Please reproduce all the data exactly as written and omit the pictures.

# Supplied material:
════════════════

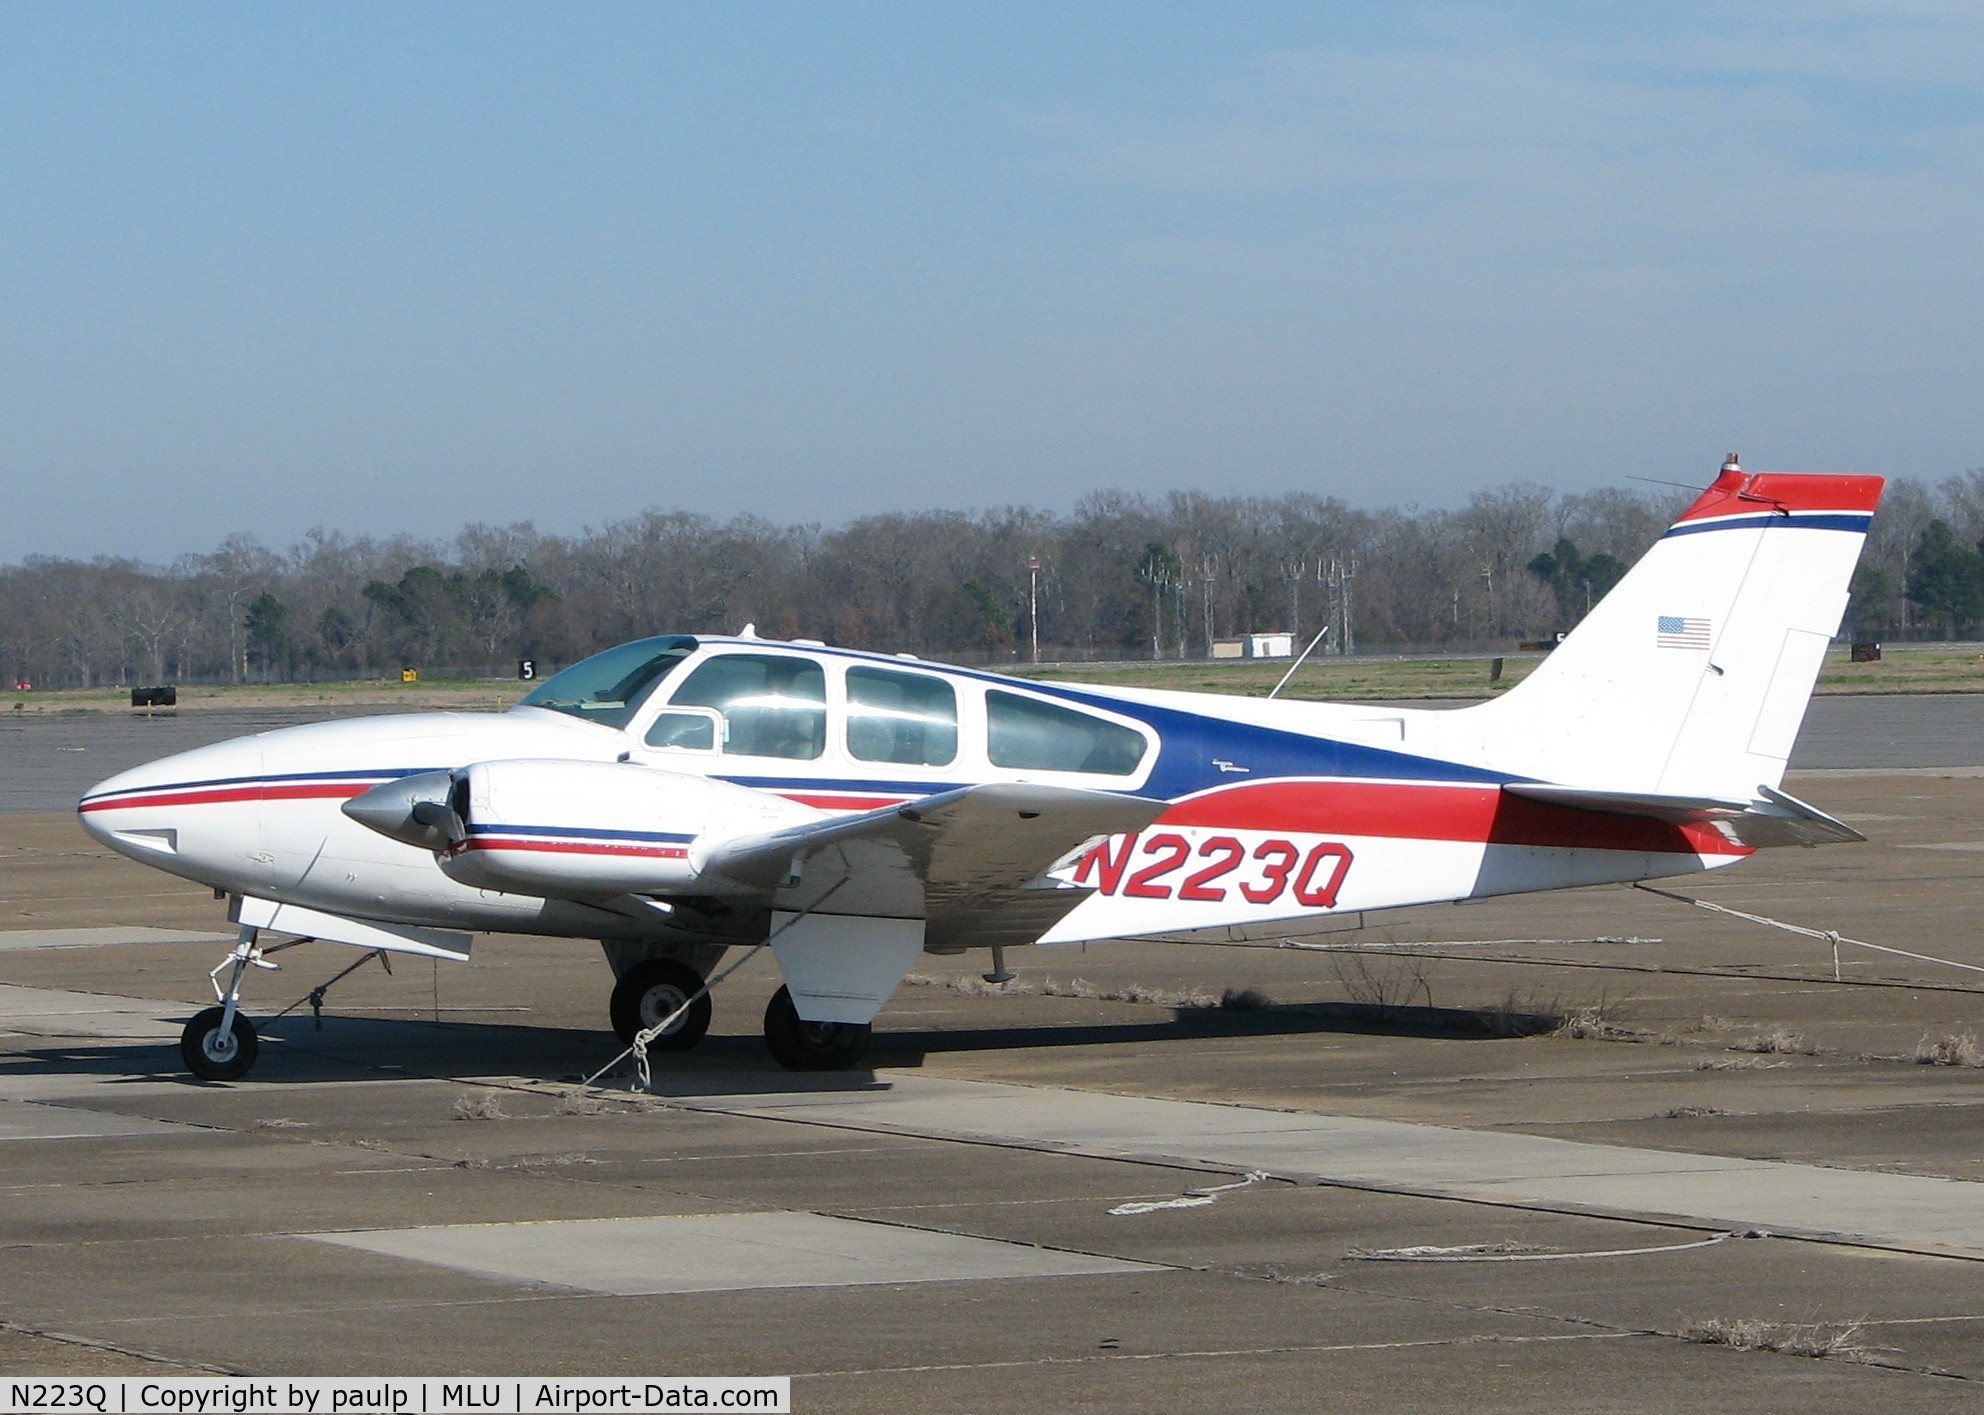 N223Q, 1966 Beech C55 Baron (95-C55) C/N TE-94, Parked at the Monroe,Louisiana airport.
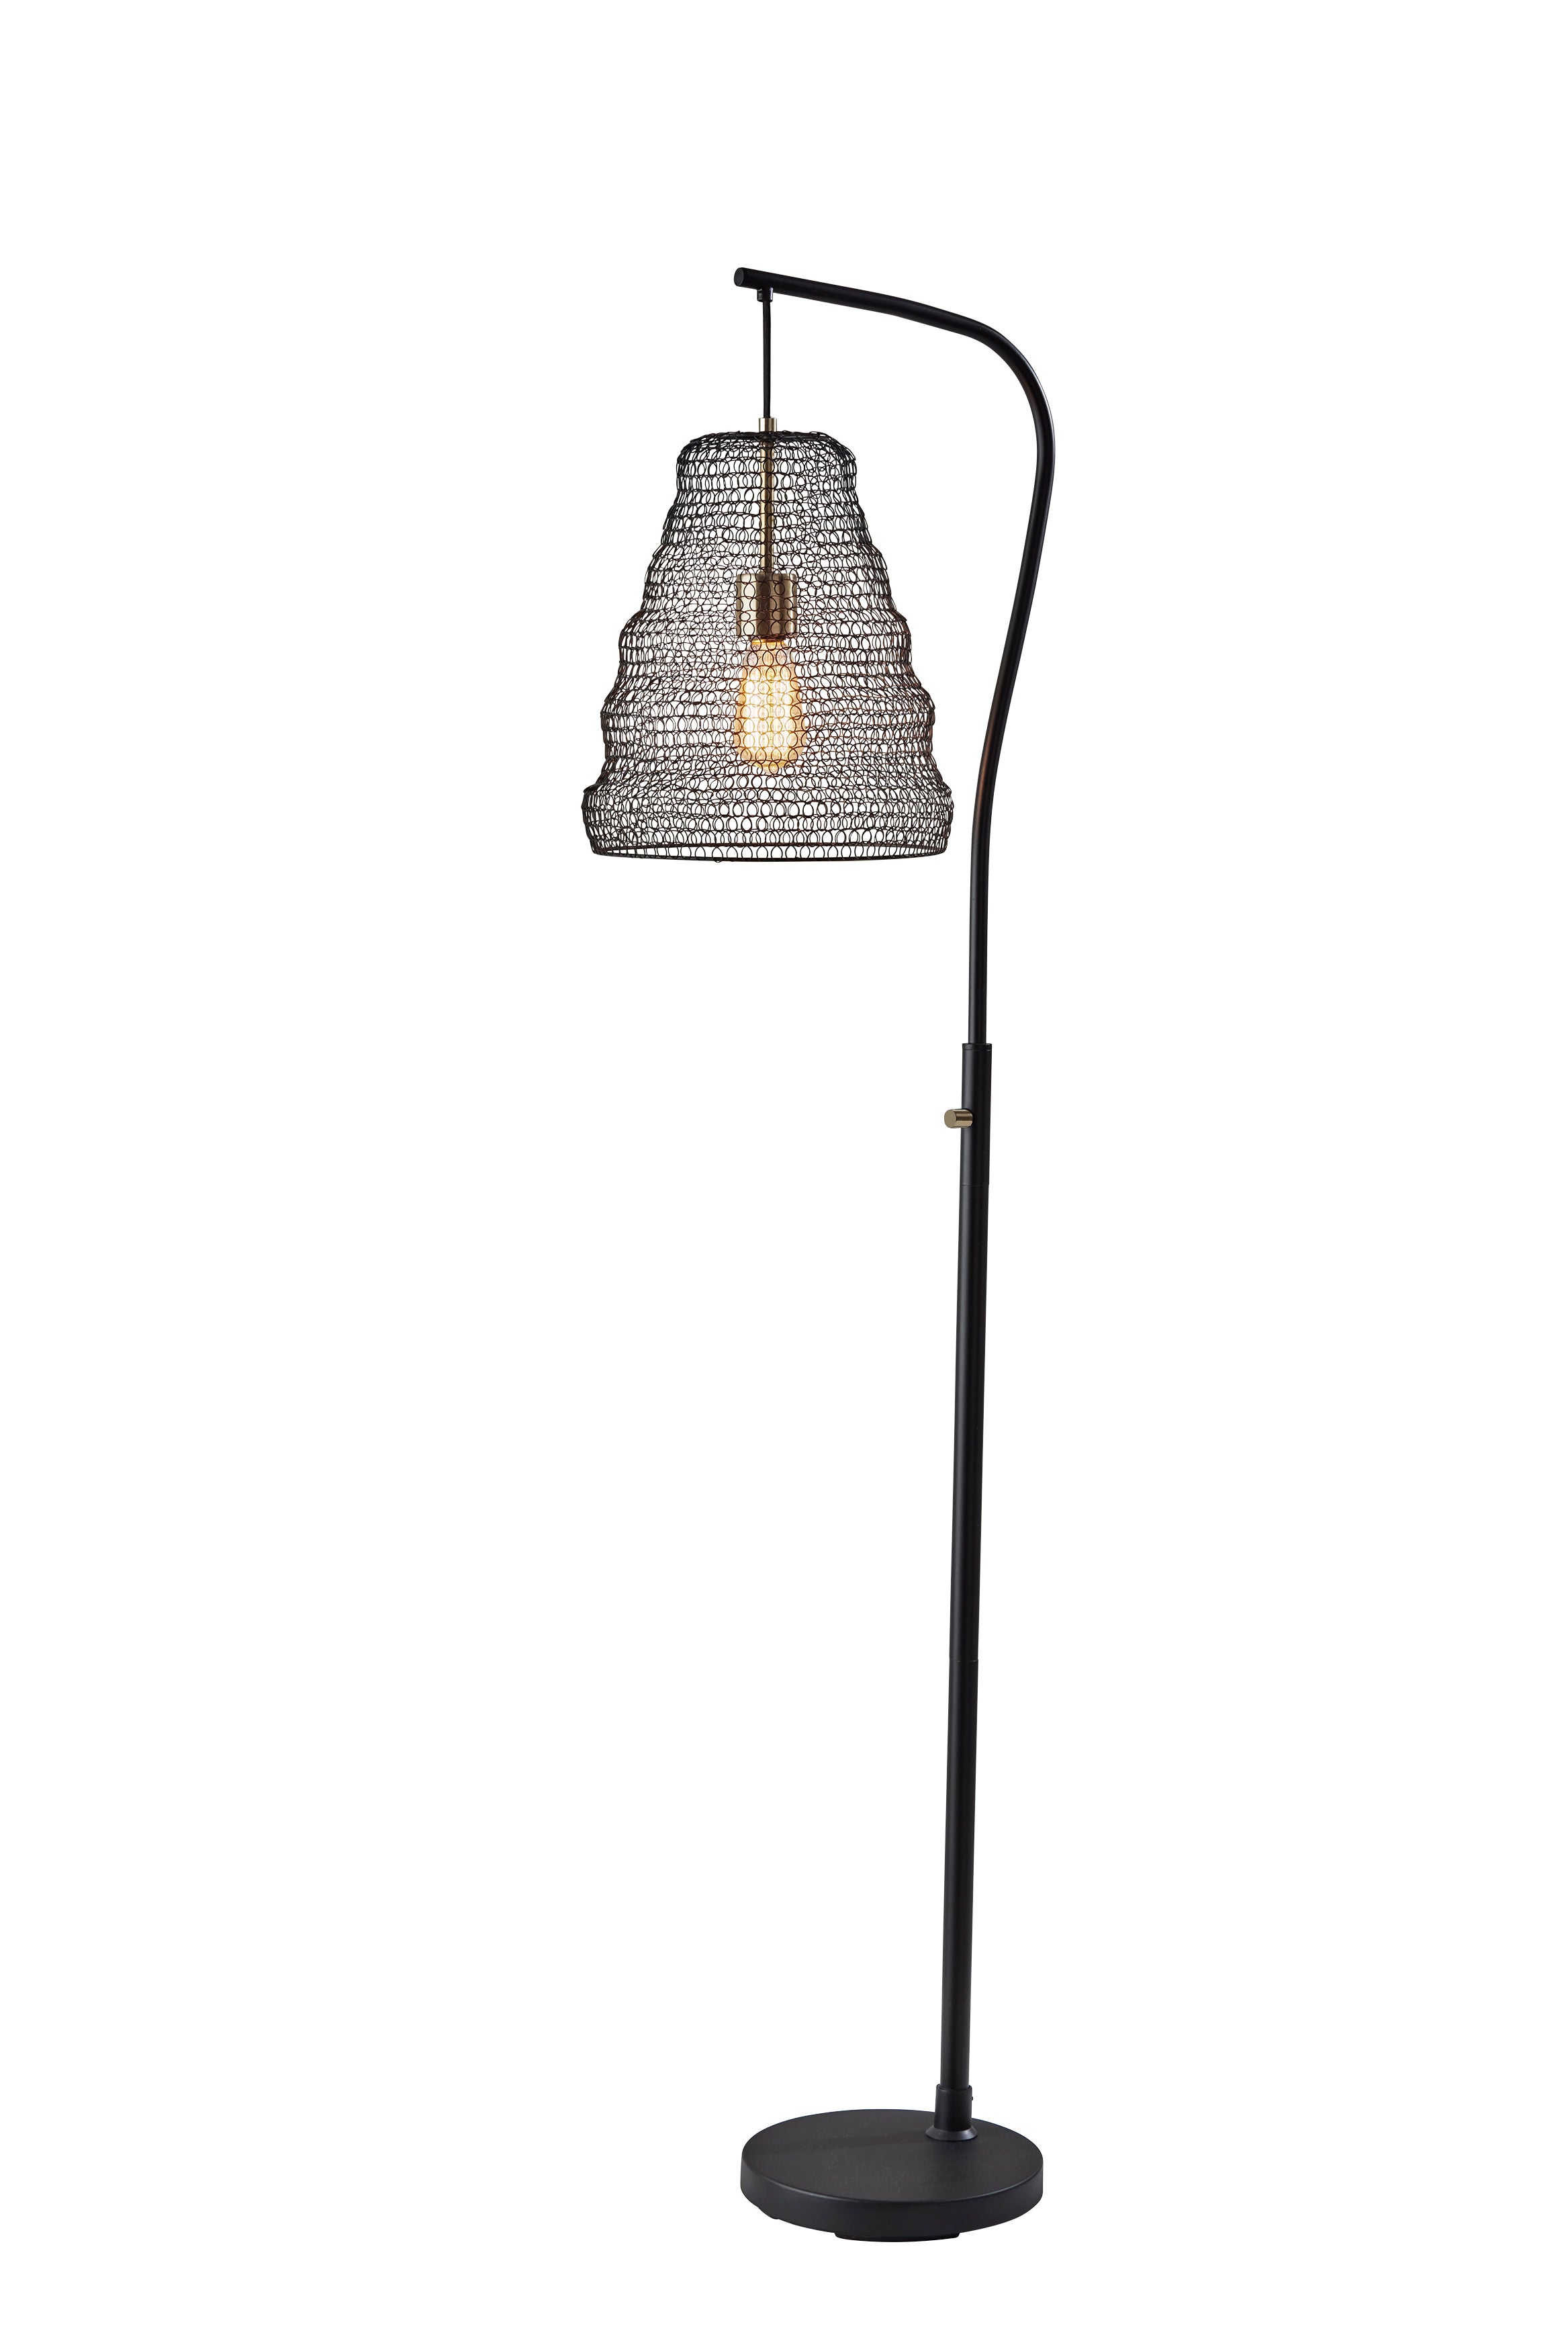 SHERIDAN Lampe sur pied Noir, Ors - 3569-01 | ADESSO
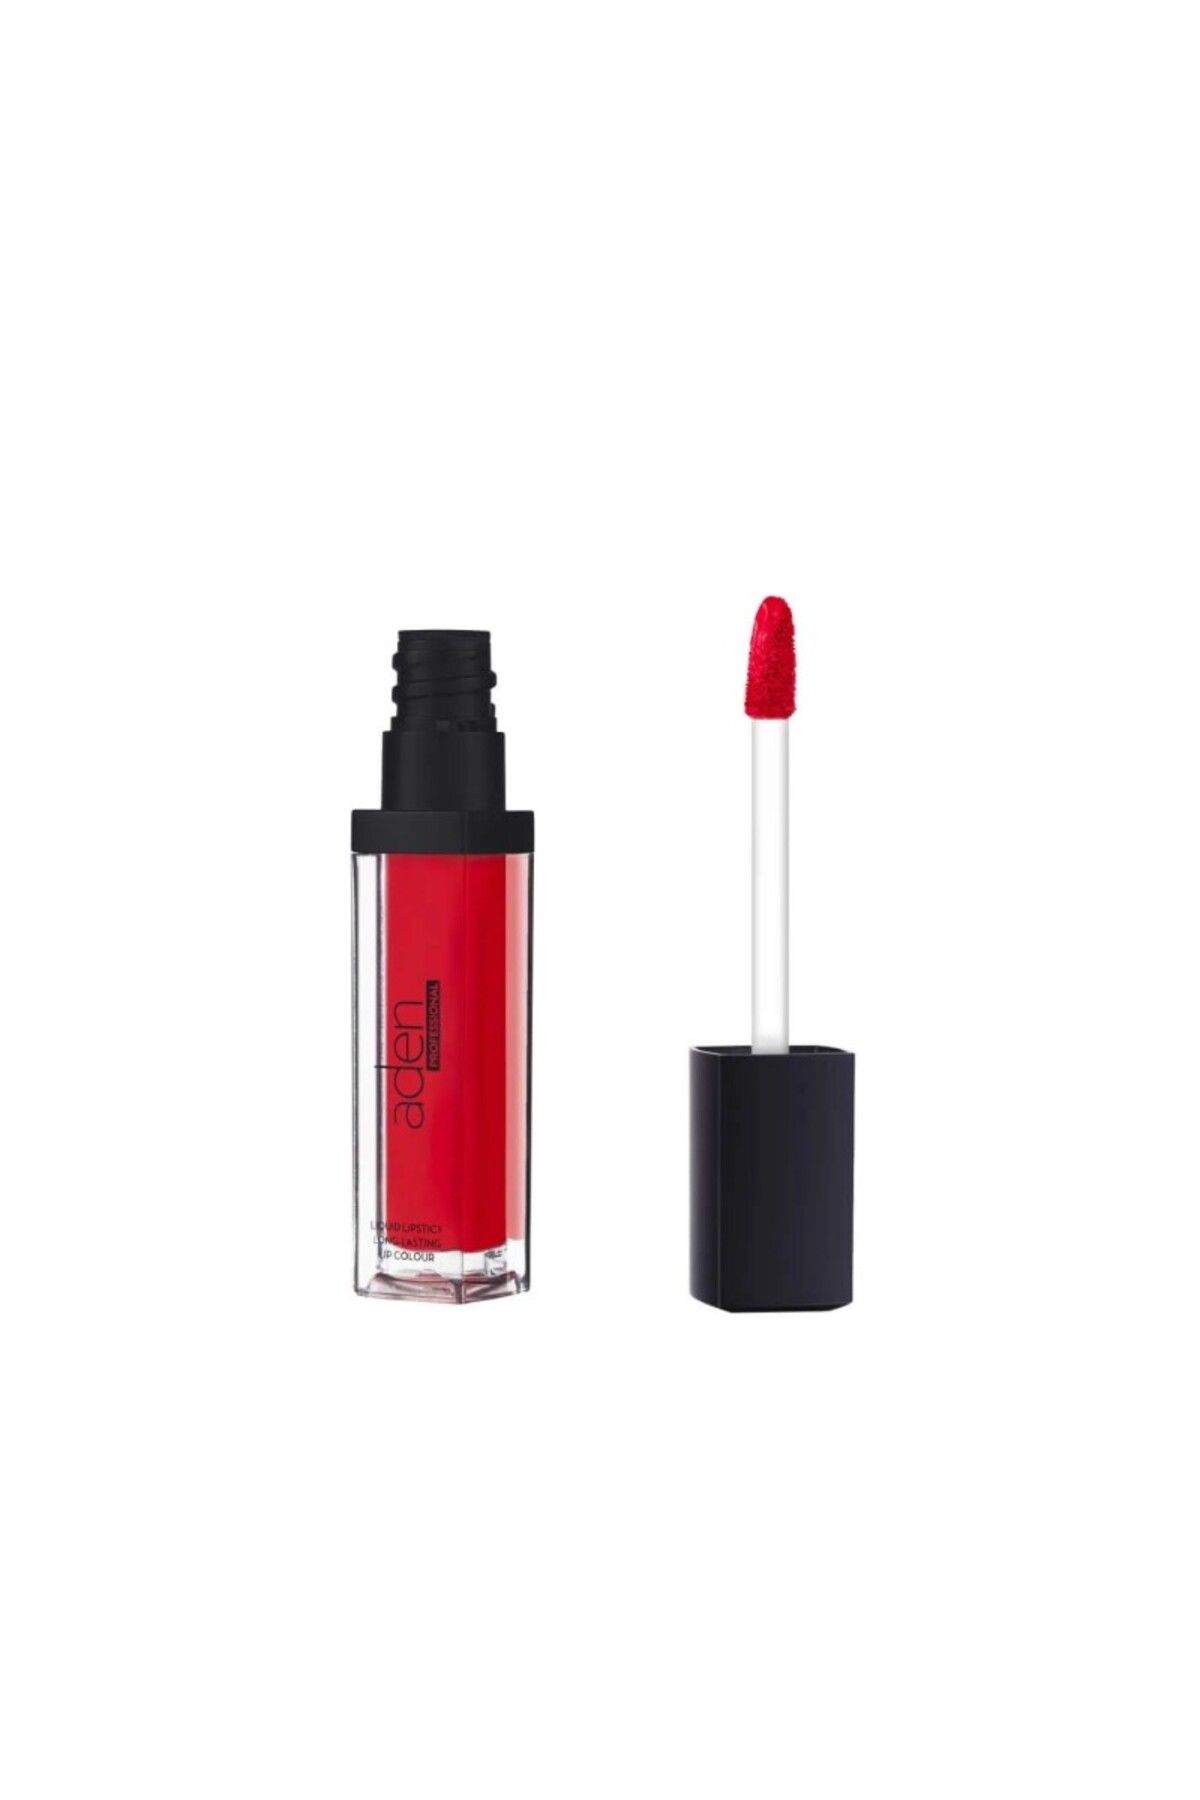 Aden Professional Liquid Lipstick ( 19 Raspberry )

════════════════

# Exercise solution:
 N223Q, 1966 Beech C55 Baron (95-C55) C/N TE-94, Parked at the Monroe,Louisiana airport.
 SHERIDAN Lampe sur pied Noir, Ors - 3569-01 | ADESSO
 Aden Professional Liquid Lipstick ( 19 Raspberry )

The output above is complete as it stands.